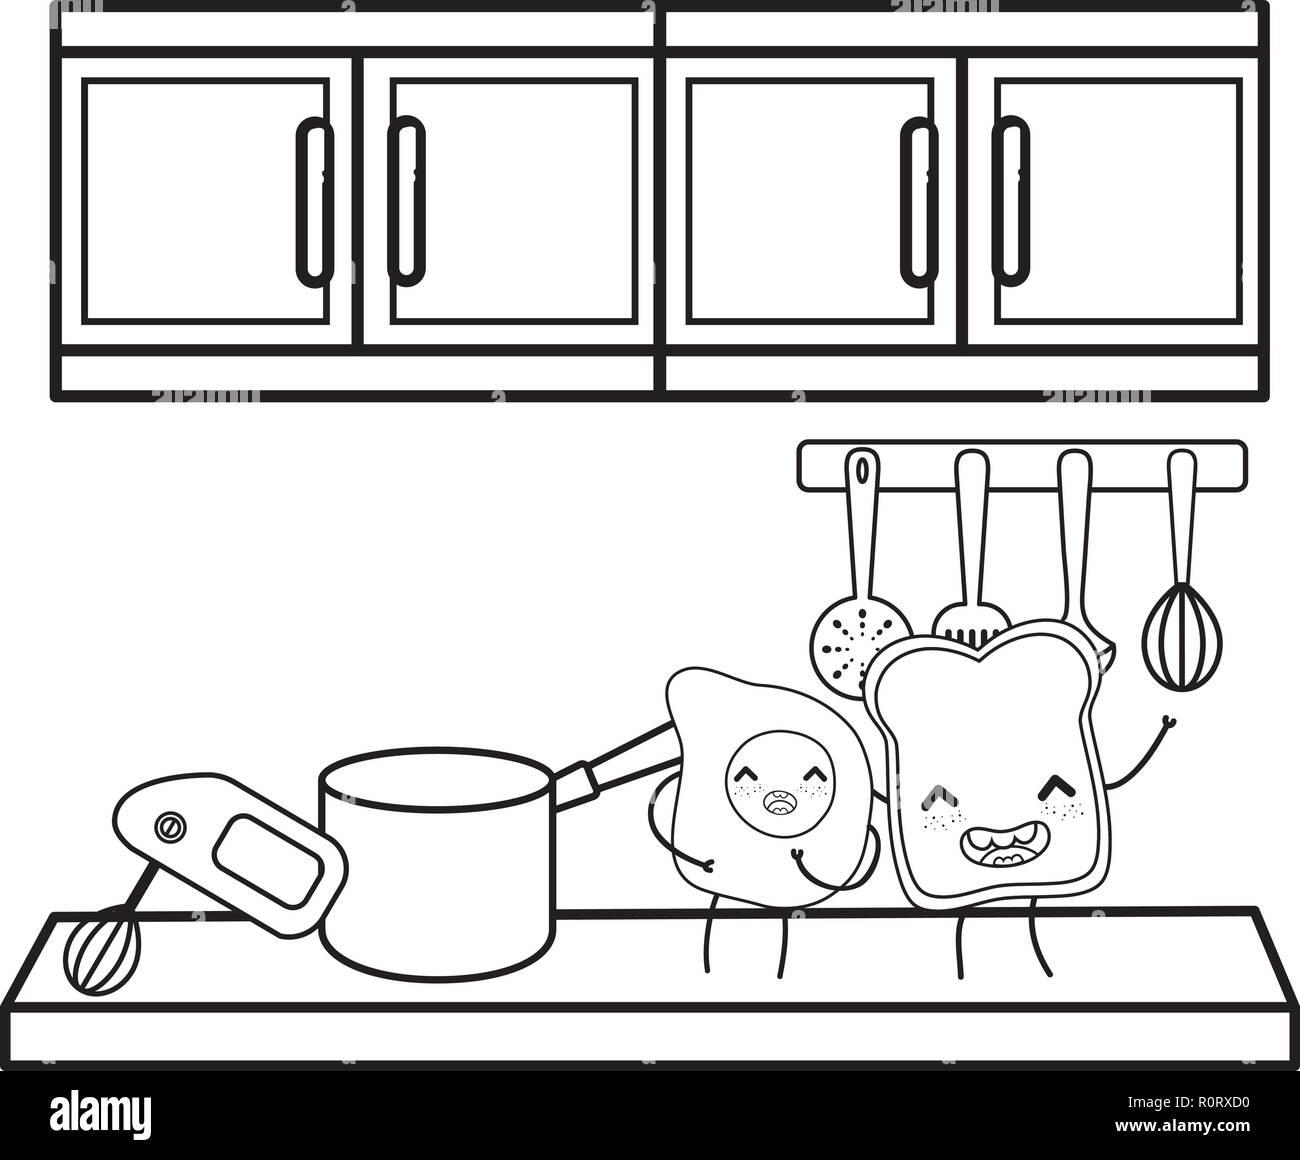 Cuisine Et Nourriture Kawaii Dessins Animes En Noir Et Blanc
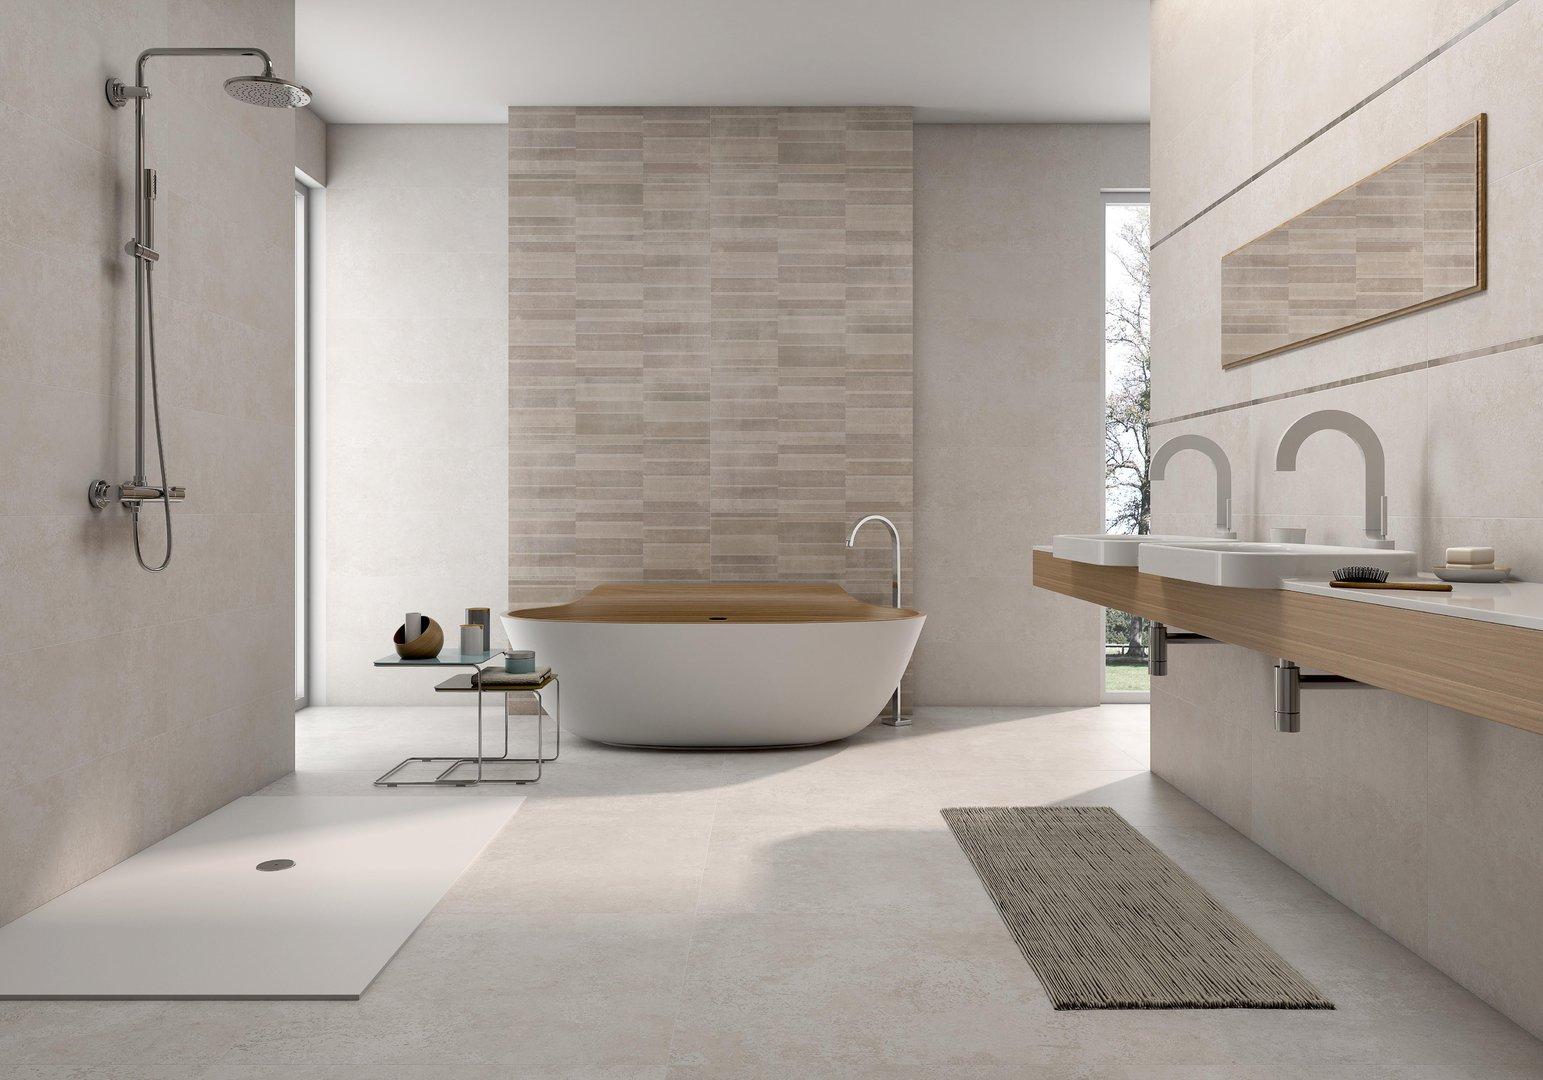 dekorfliese metropol line modul beige 30x90 cm g nstig kaufen. Black Bedroom Furniture Sets. Home Design Ideas
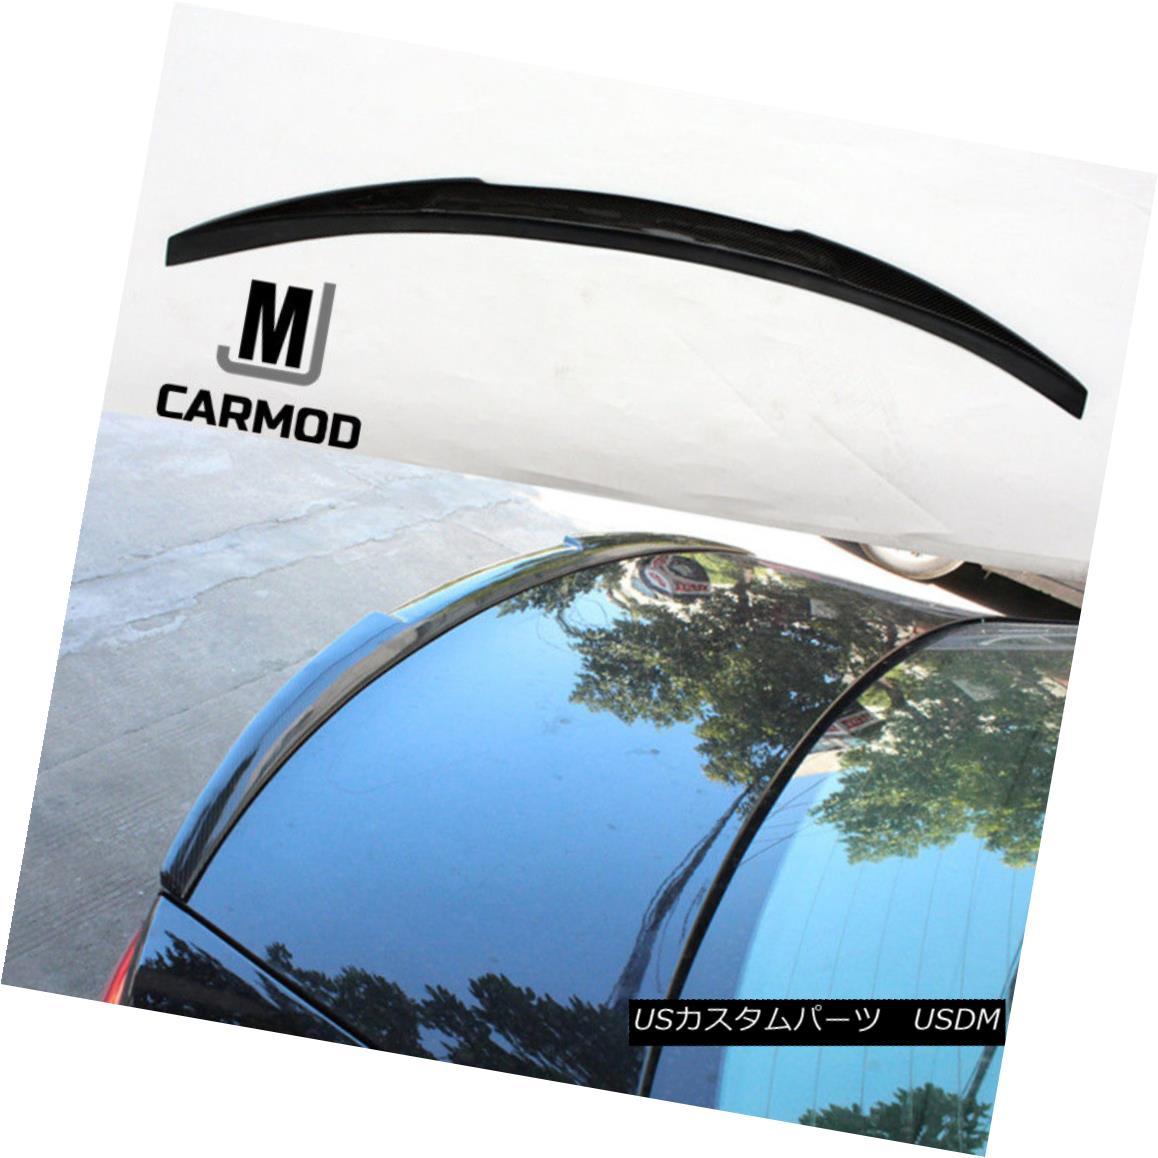 エアロパーツ Fit For Audi A6 Sedan 2012-17 Real Carbon Fiber Rear Wing Trunk Spoiler M4 Type アウディA6セダン用フィット2012-17リアルカーボンファイバーリアウイングトランクスポイラーM4タイプ

TASK DESCRIPTION ->
Strip out the pictures and quote the remaining data word for word.

RESULT BELOW ->
 Cuisine Et Nourriture Kawaii Dessins Animes En Noir Et Blanc
 dekorfliese metropol line modul beige 30x90 cm g nstig kaufen. Black Bedroom Furniture Sets. Home Design Ideas
 エアロパーツ Fit For Audi A6 Sedan 2012-17 Real Carbon Fiber Rear Wing Trunk Spoiler M4 Type アウディA6セダン用フィット2012-17リアルカーボンファイバーリアウイングトランクスポイラーM4タイプ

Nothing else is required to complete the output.